Usually, since crystal grains grow during annealing, it is common to adjust the annealing conditions in order to obtain a coarse crystal grain structure (a structure with large crystal grains). However, the present inventors have found that a coarse crystal grain uniform structure (a crystal grain is large and uniform structure) can be realized by examining the processing rate in the wire drawing process, and have completed the present invention. Furthermore, as a result of further studies on the wire drawing, intermediate annealing, and solution treatment processes, the present inventors have maintained a low Young's modulus by adjusting these processes and controlling the crystal orientation. The present inventors have found that further increase in strength can be achieved.
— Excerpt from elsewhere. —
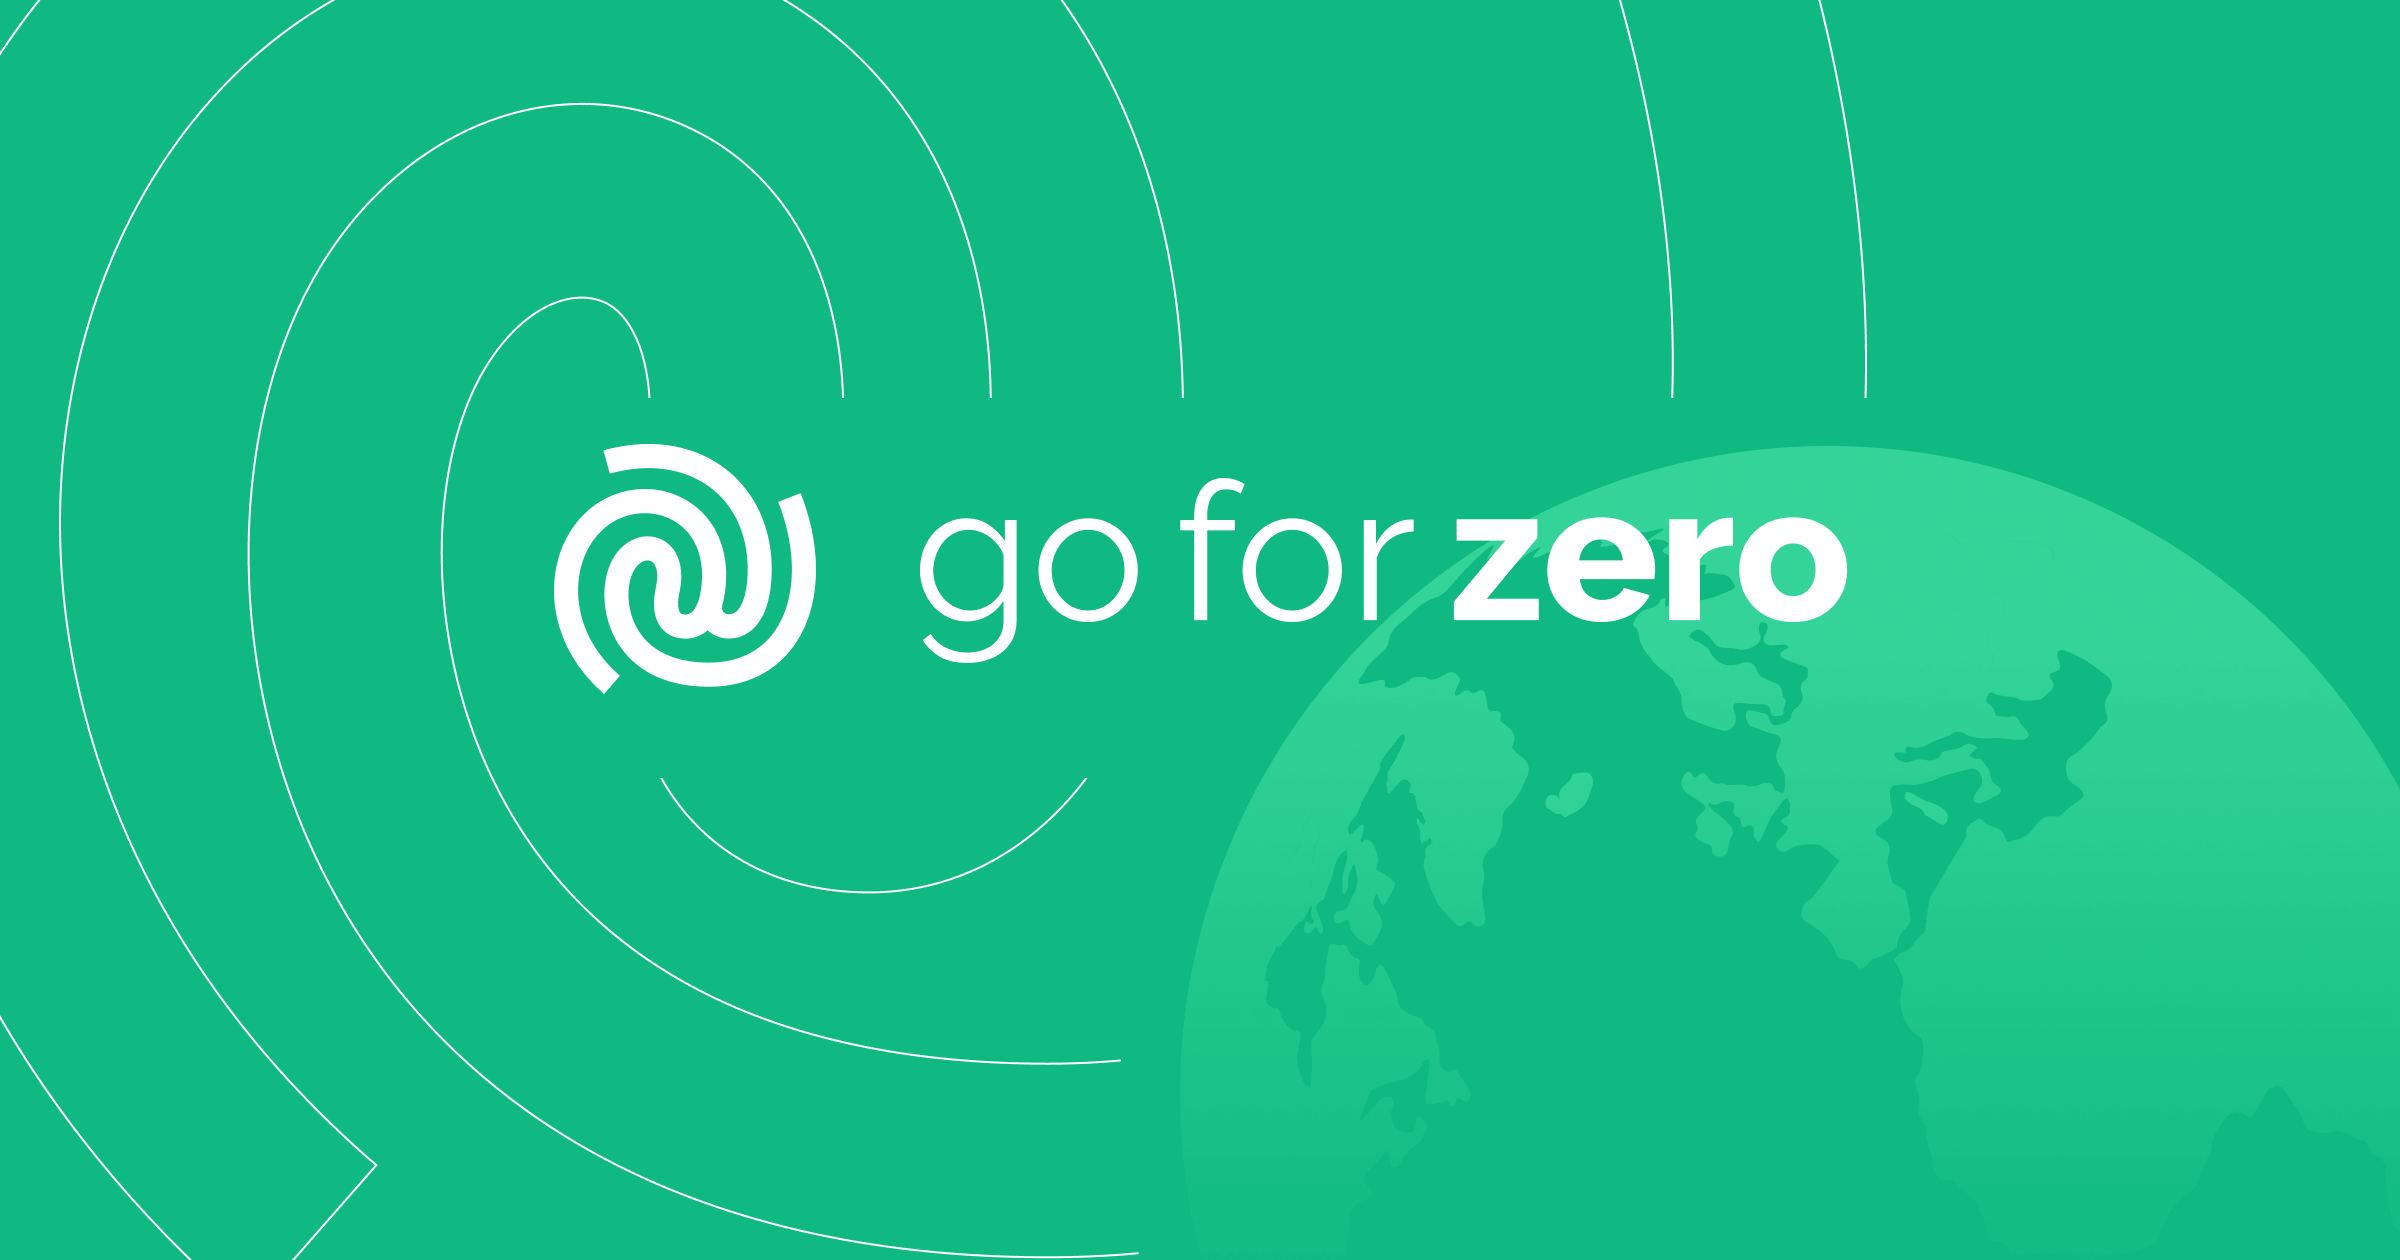 Hoe Go For Zero zijn eigen merk lanceerde met duurzaamheid op de voorgrond

  Such an aluminum alloy wire according to an embodiment of the present invention includes: [1] melting, [2] casting, [3] hot working (groove roll machining, etc.), [4] wire drawing, [5] final intermediate It can be manufactured by a manufacturing method including sequentially performing steps of heat treatment, [6] final wire drawing, [7] solution heat treatment, and [8] aging heat treatment. In addition, in order to determine the wire drawing rate before and after the final intermediate heat treatment, an intermediate heat treatment may be added in [4] wire drawing. Further, before or after solution heat treatment or after aging heat treatment, a step of forming a stranded wire (twisted wire processing) or a step of coating a wire with a resin may be provided. Hereinafter, the steps [1] to [8] will be described.
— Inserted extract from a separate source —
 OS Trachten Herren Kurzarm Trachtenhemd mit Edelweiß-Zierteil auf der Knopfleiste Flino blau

  First, FIG. 1 shows an example of an aluminum alloy wire manufacturing process flowchart. The steps indicated by broken lines in FIG. 1 are arbitrary steps, and are not limited to the description in FIG. 1, and the necessity, order, number of times, and the like can be changed as appropriate without departing from the effects of the invention.

[1] Melting In the melting step, a material in which the amount of each component is adjusted so as to have the above-described aluminum alloy composition is prepared and melted.
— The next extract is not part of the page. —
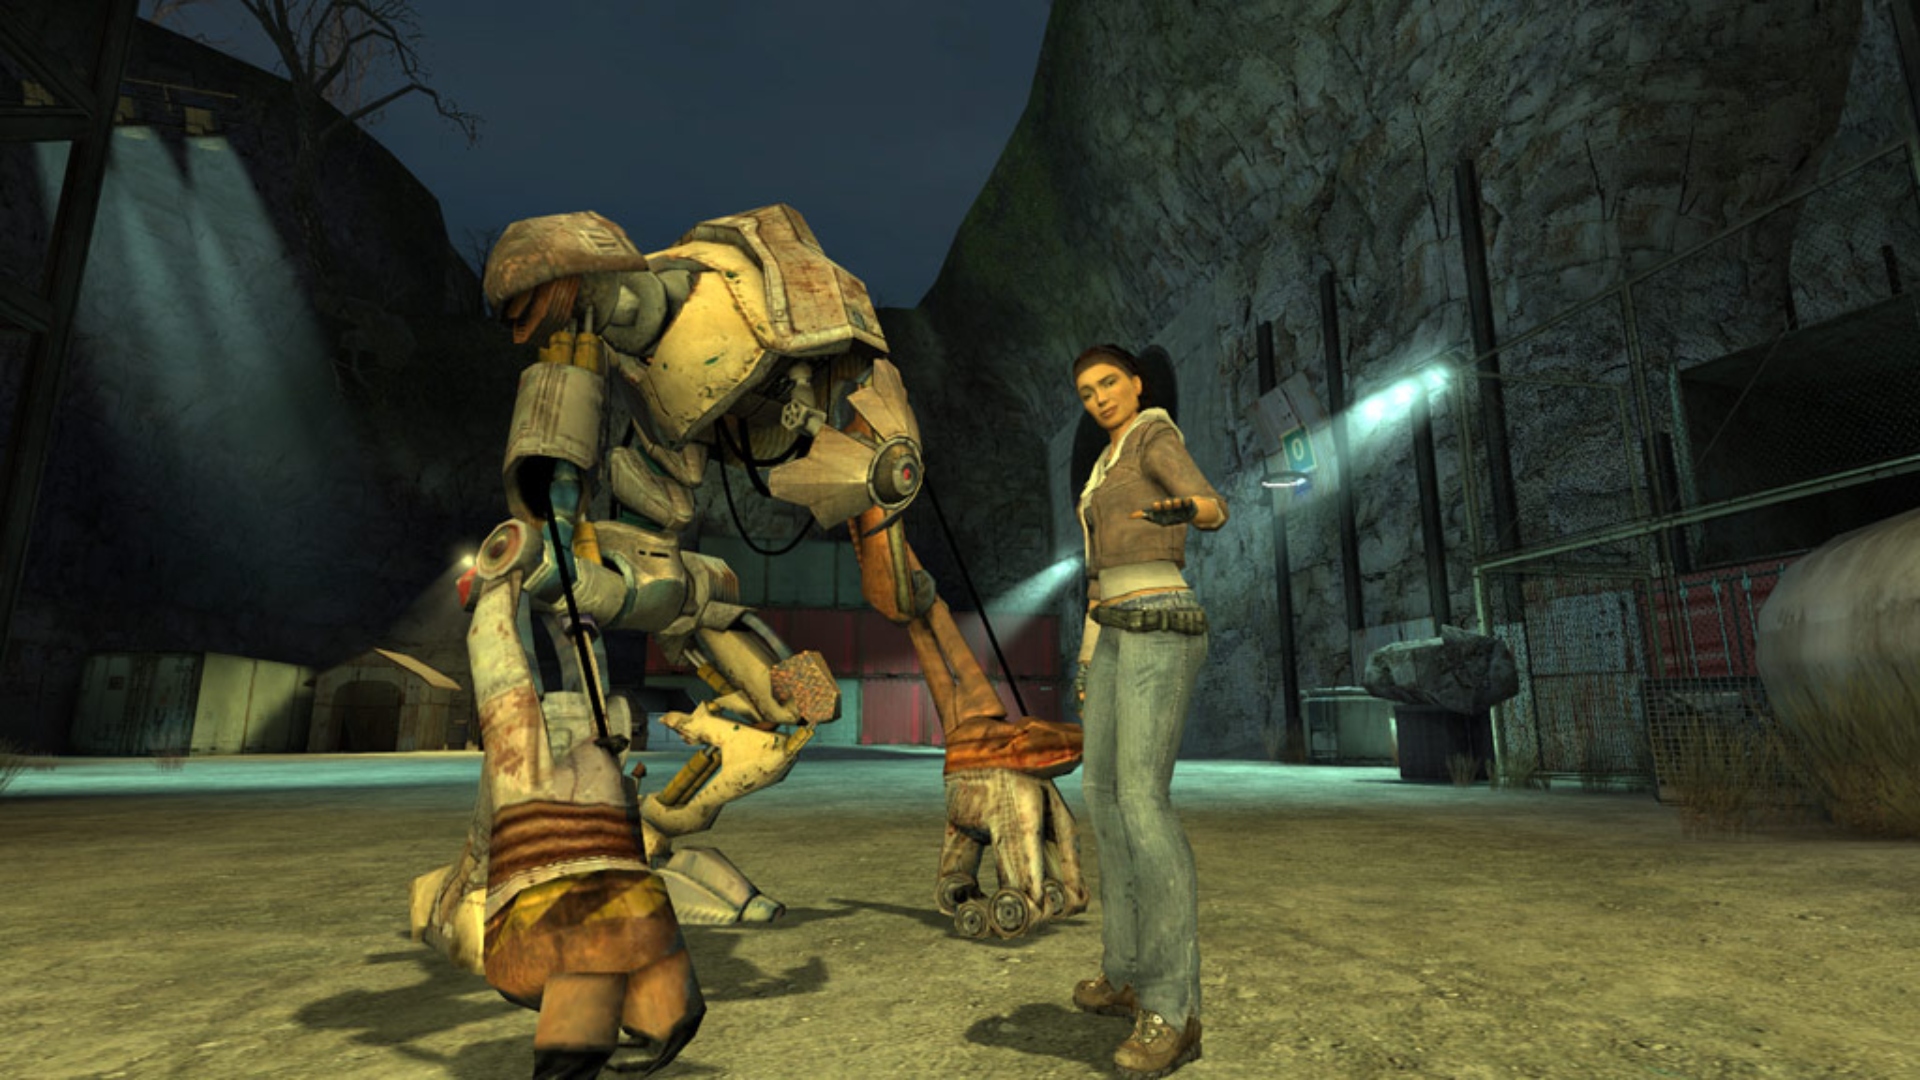 Nuovo di emivita: una giovane donna, Alix Vance, si trova accanto a un robot gigante nella game FPS Valve Half-Life 2

[2] Casting and [3] Hot working (groove roll processing, etc.)
Next, in the casting process, the cooling rate is increased, and the crystallization of the Fe-based compound is appropriately reduced and refined. Preferably, a rod having a diameter of 5 to 15 mm is used, for example, when the average cooling rate from the molten metal temperature during casting to 400 ° C. is 20 to 50 ° C./s and a Properti type continuous casting and rolling mill in which a cast wheel and a belt are combined is used. Can be obtained. Moreover, if the underwater spinning method is used, a rod having a diameter of 1 to 13 mm can be obtained at an average cooling rate of 30 ° C./s or more. Casting and hot working (rolling) may be performed by billet casting or extrusion. Further, after the casting or hot working, a reheat treatment at 400 ° C. or higher may be performed.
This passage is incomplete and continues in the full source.